THE ANCIENT METRES IN MODERN VERSE.

A strong predilection to reproduce the ancient metres in their vernacular poetry was prevalent among the scholars of Europe; but, what is not less remarkable, the attempt everywhere terminated in the same utter rejection by the popular ear. What occasioned this general propensity of the learned, and this general antipathy in the unlearned?

These repeated attempts to restore the metrical system of the Greeks and the Romans would not only afford a classical ear, long exercised in the nice artifices of the ancient prosody, a gratification entirely denied to the uninitiated; but at bottom there was a deeper design—that of elevating an art which the scholar held to be degraded by the native but unlettered versifiers; and, as one of them honestly confessed, the true intent was to render the poetic art more difficult and less common. Had this metrical system been adopted, it would have established a privileged class. The thing was practicable; and, even in our own days, iambics and spondees, dactyls and tribrachs, charm a few classical ears by their torturous arrangement of words without rhythm and cadence.[1] Fortunately for all vernacular poetry, it was attempted too late among the people of modern Europe ever to be substituted for their native melody, their rhythm, the variety of their cadences, or the consonance of rhyme.

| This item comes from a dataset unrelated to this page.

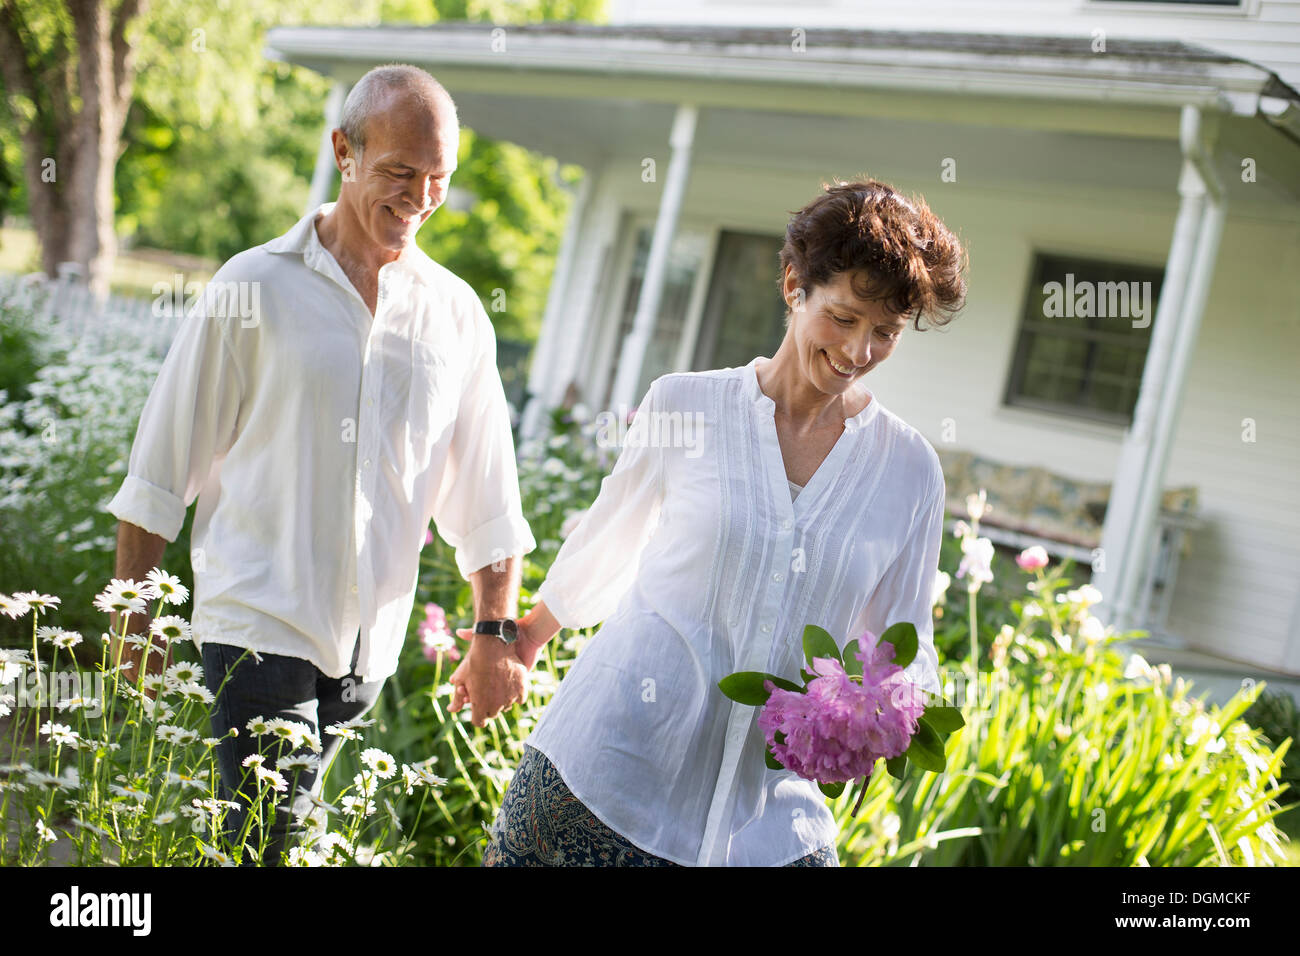 Organic farm. Summer party. A mature couple in white shirts walking holding hands through the garden. Stock Photo

With us the design of appropriating the ancient metres to our native verse was unquestionably borrowed from Italy, so long the model of our fashions and our literature. There it had early begun, but was neither admired nor imitated.[2] The nearly forgotten fantasy was again taken up by Claudio Tolommei, an eminent scholar, who composed an Italian poem with the Roman metres. More fortunate and profound than his neglected predecessors, Tolommei, in 1539, published his Versi e Regole della Poesia Nuova—the very term afterwards adopted by the English critics—and promised hereafter to establish their propriety on principles deduced from philosophy and music. But before this code of “new poetry” appeared the practice had prevailed, for Tolommei illustrates “the rules” not only by his own verses, but by those of other writers, already seduced by this obsolete novelty. But what followed? Poets who hitherto had delighted by their euphony and their rhyme, were now ridiculed for the dissonance which they had so laboriously struck out. A literary war ensued! The champions for “the new poetry” were remarkable for their stoical indifference amid the loud outcries which they had raised; something of contempt entered into their bravery, and it was some time before these obdurate poets capitulated.

In France the same attempt encountered the same fate. A few scholars, Jodelle, Passerat, and others, had the intrepidity to versify in French with the ancient metres; and, what is perhaps not generally known, later, D’Urfé, Blaise de Vigneres, and others, adopted blank verse, for Balzac congratulates Chapelain in 1639 that “Les vers sans rime sont morts pour jamais.” French poetry, which at that period could hardly sustain itself with rhyme, denuded of this slight dress must have betrayed the squalidness of bare poverty. The “new poetry” in France, however, seems to have perplexed a learned critic; for with the learned his prejudices leaned in its favour, but as a faithful historian the truth flashed on his eyes. The French antiquary, Pasquier, stood in this awkward position, and on this subject has delivered his opinions with great curiosity and honest naïveté. “Since only these two nations, the Greeks and the Romans, have given currency to these measures without rhymes, and that on the contrary there is no nation in this universe which poetises, who do not in their vulgar tongue use rhymes, which sounds have naturally insinuated themselves into the ear of every people for more than seven or eight centuries, even in Italy itself, I can readily believe that the ear is more delighted by our mode of poetry than with that of the Greeks and the Romans.”[3]

The candour of the avowal exceeds the philosophy. Our venerable antiquary had greater reason in what he said than he was himself aware of; for rhyme was of a far more ancient date than his eight centuries.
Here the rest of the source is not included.